Bu yılki Reuters Enstitüsü Dijital Haberler Raporu, küresel bir yaşam maliyeti krizi, Avrupa’nın kalbinde devam eden bir savaş ve dünya çapında daha fazla iklim istikrarsızlığı zemininde geliyor. Bu bağlamda, güçlü bir doğru, iyi finanse edilmiş, bağımsız gazetecilik arzı kritik olmaya devam ediyor, ancak anketimizin kapsadığı ülkelerin çoğunda, bu koşulların düşük güven seviyeleri, azalan katılım ve belirsiz bir iş ortamı tarafından zorlandığı görülüyor.
Raporun, sektör ve birçok sıradan insan için özellikle zor bir dönemde bu konulara yeni bakış açıları getirmeyi amaçlıyor. Düşük katılımın ve haberlerden seçici bir şekilde kaçınmanın arkasında ne olduğunu daha ayrıntılı olarak inceleniyor ve bununla mücadele edebilecek yaklaşımlar için halkın iştahını araştırıyoruz. Daha spesifik olarak, insanların kişisel mali durumları hakkında bilgi edinmek için kullandıkları kaynaklara ve farklı grupların bu tür bilgileri ne ölçüde kolay veya zor anladığını inceliyor.
Hanehalkı harcamalarındaki daralma ışığında, birçok kişinin haber medyasına ne kadar harcama yapabileceklerini yeniden düşündüğünü görüyoruz. Geçen yıl aboneliklerini iptal eden, sürdüren ve başlatan tüketicilerle kaydolmanın altında yatan nedenleri ve temel engelleri anlamak için Birleşik Krallık, ABD ve Almanya’da ayrıntılı niteliksel araştırmalar yürüttük. Sektörel gelişmeleri yerel verilerle birleştiren ülkemiz ve pazar sayfalarında, farklı medya şirketlerinin ekonomik gerilemeyi nasıl yönettiğini ve birçoğunun kaynaklarını yayından veya baskıdan daha uzağa kaydırarak dijitale yöneldiğini görüyoruz.

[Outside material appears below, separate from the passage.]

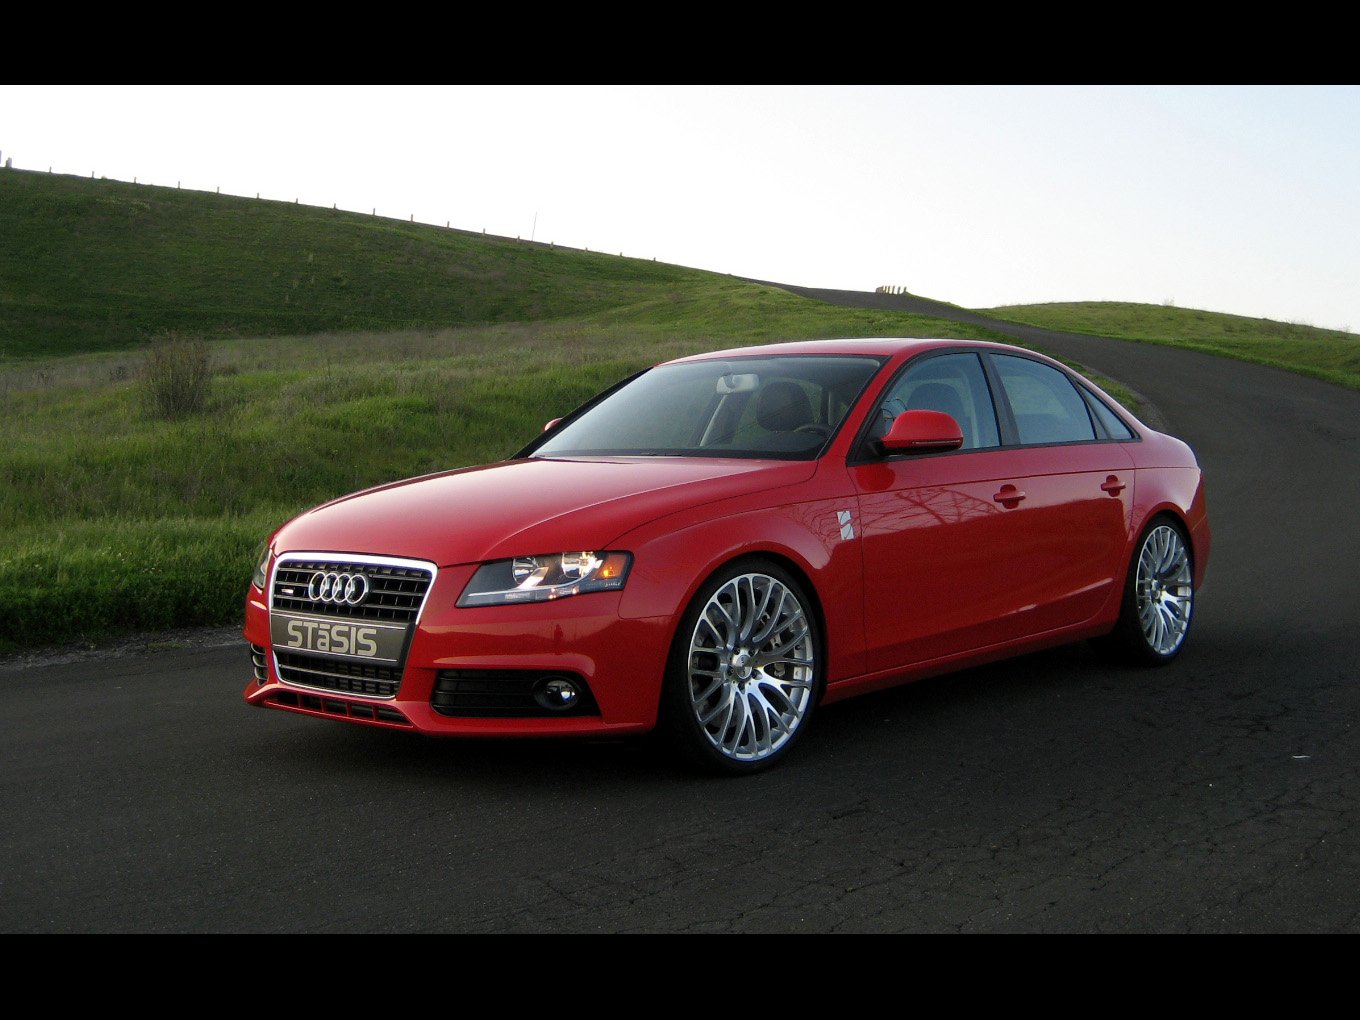 Ауди а 6 б 8. Audi a4 b8 Red. Ауди а4 в8. Audi a4 Red Tuning. Audi a4 b8 кузов.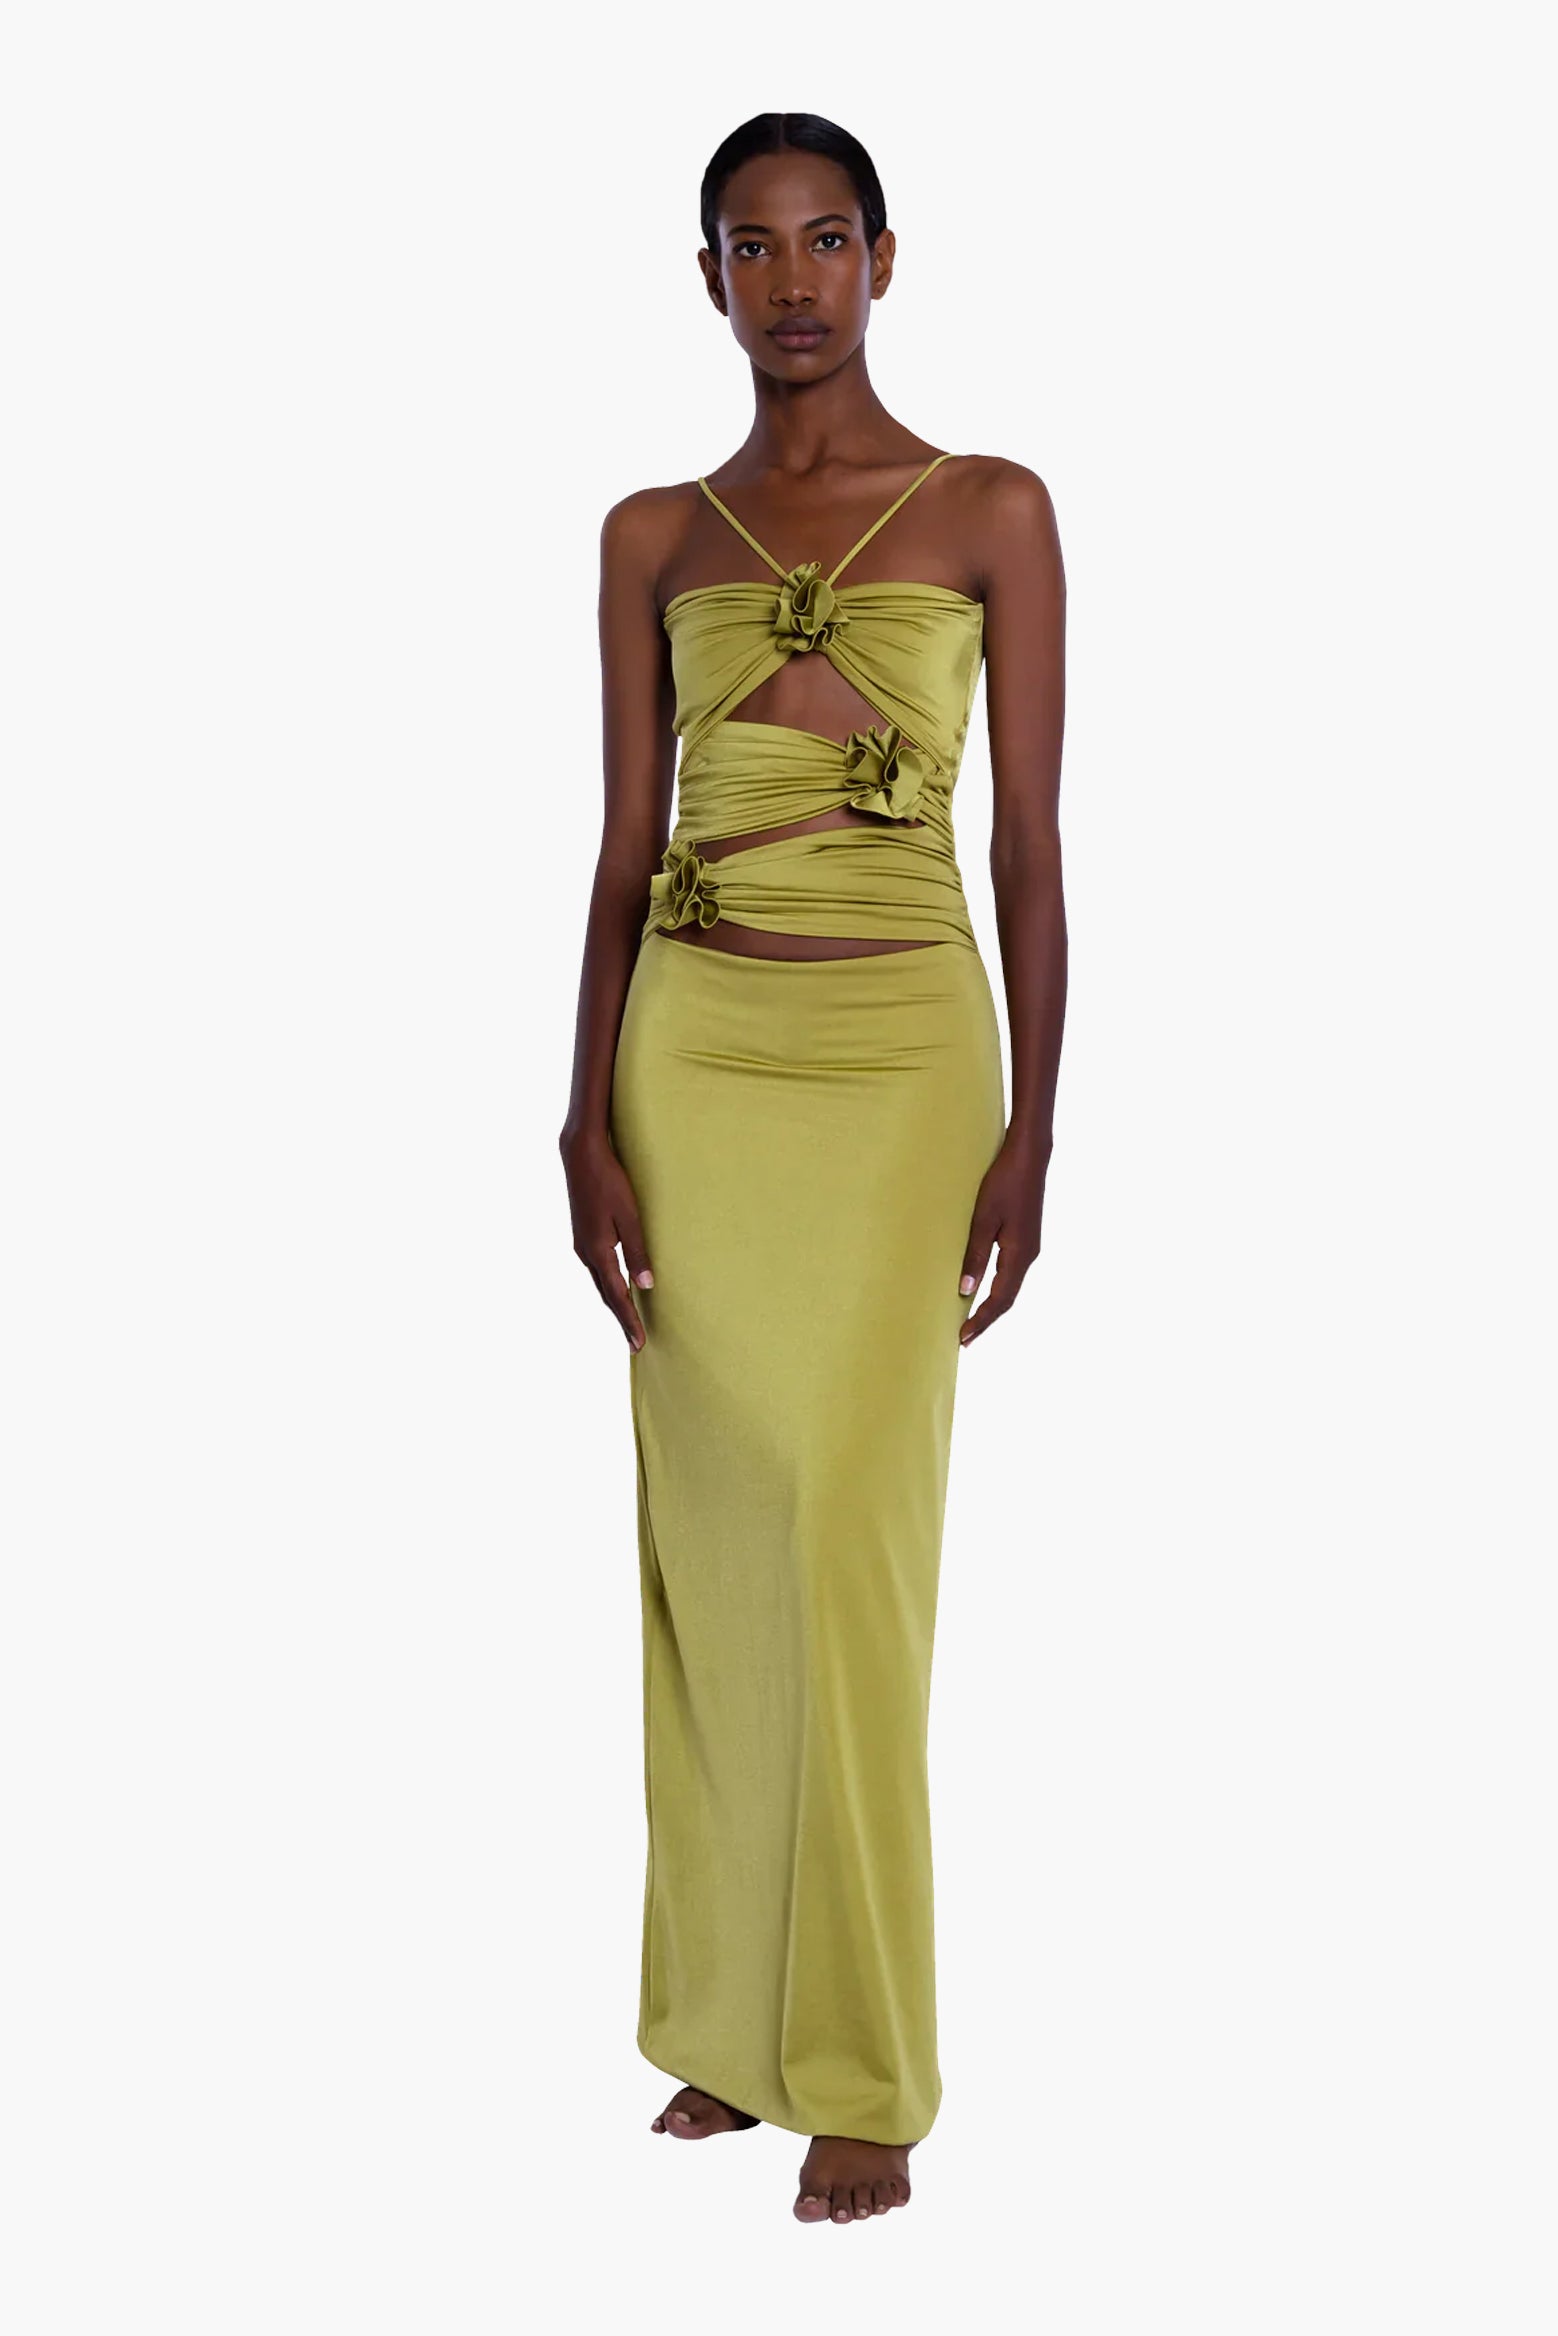 Maygel Coronel Veranera Dress in Pascolo Green available at The New Trend Australia.

Belki de bu yılki rapordaki en çarpıcı bulgular, kısmen Facebook gibi geleneksel ağlarla azalan etkileşim ve TikTok’un ve bir dizi diğer video odaklı ağların yükselişiyle karakterize edilen sosyal medyanın değişen doğasıyla ilgilidir. Yine de, kanalların bu artan parçalanmasına ve yanlış bilgilendirme ve algoritmalar hakkında halkın huzursuzluğunun rekor seviyelere yakın olduğuna dair kanıtlara rağmen, bu aracılara olan bağımlılığımız artmaya devam ediyor. Verilerimiz, bu değişimin, sosyal medyayla büyüyen ve bugünlerde gazetecilerden çok fenomenlere veya ünlülere ilgi gösteren en genç kuşakların alışkanlıklarından nasıl güçlü bir şekilde etkilendiğini her zamankinden daha net bir şekilde gösteriyor. haberler.
Bu yılki ekstra analiz bölümlerimizde, yaklaşık bir düzine ülkedeki en popüler haber podcast’lerini ve bu içeriğe erişmek için en çok kullanılan platformları belirledik. Ayrıca, genellikle politikacılar tarafından yönlendirilen ve sosyal medya tarafından kolaylaştırılan, haber medyasına yönelik artan düzeydeki eleştirileri de araştırıyoruz. Ayrıca, bu eleştirinin ön saflarında yer alan ve evrensel misyonlarını huysuz ve parçalanmış bir medya ortamında yerine getirmede belirli zorluklarla karşılaşan kamu hizmeti medyasının özel durumuna da bir bölüm ayırdık.
Altı kıta ve 46 pazardan elde edilen verilere dayanan Dijital Haber Raporumuzun bu on ikinci sayısı, bize dünyanın birçok yerinde gazeteciliğin faaliyet gösterdiği farklı koşulları ve aynı zamanda yayıncıların zayıf bir izleyici kitlesi etrafında karşılaştığı ortak zorlukları hatırlatıyor. Dijital ve sosyal medyanın bol olduğu bir çağda katılım ve düşük güven. Genel hikaye, bu Yönetici Özetinde ele alınmakta, ardından ek analizler içeren bölümler ve ardından ayrı ülke ve pazar sayfaları gelmektedir.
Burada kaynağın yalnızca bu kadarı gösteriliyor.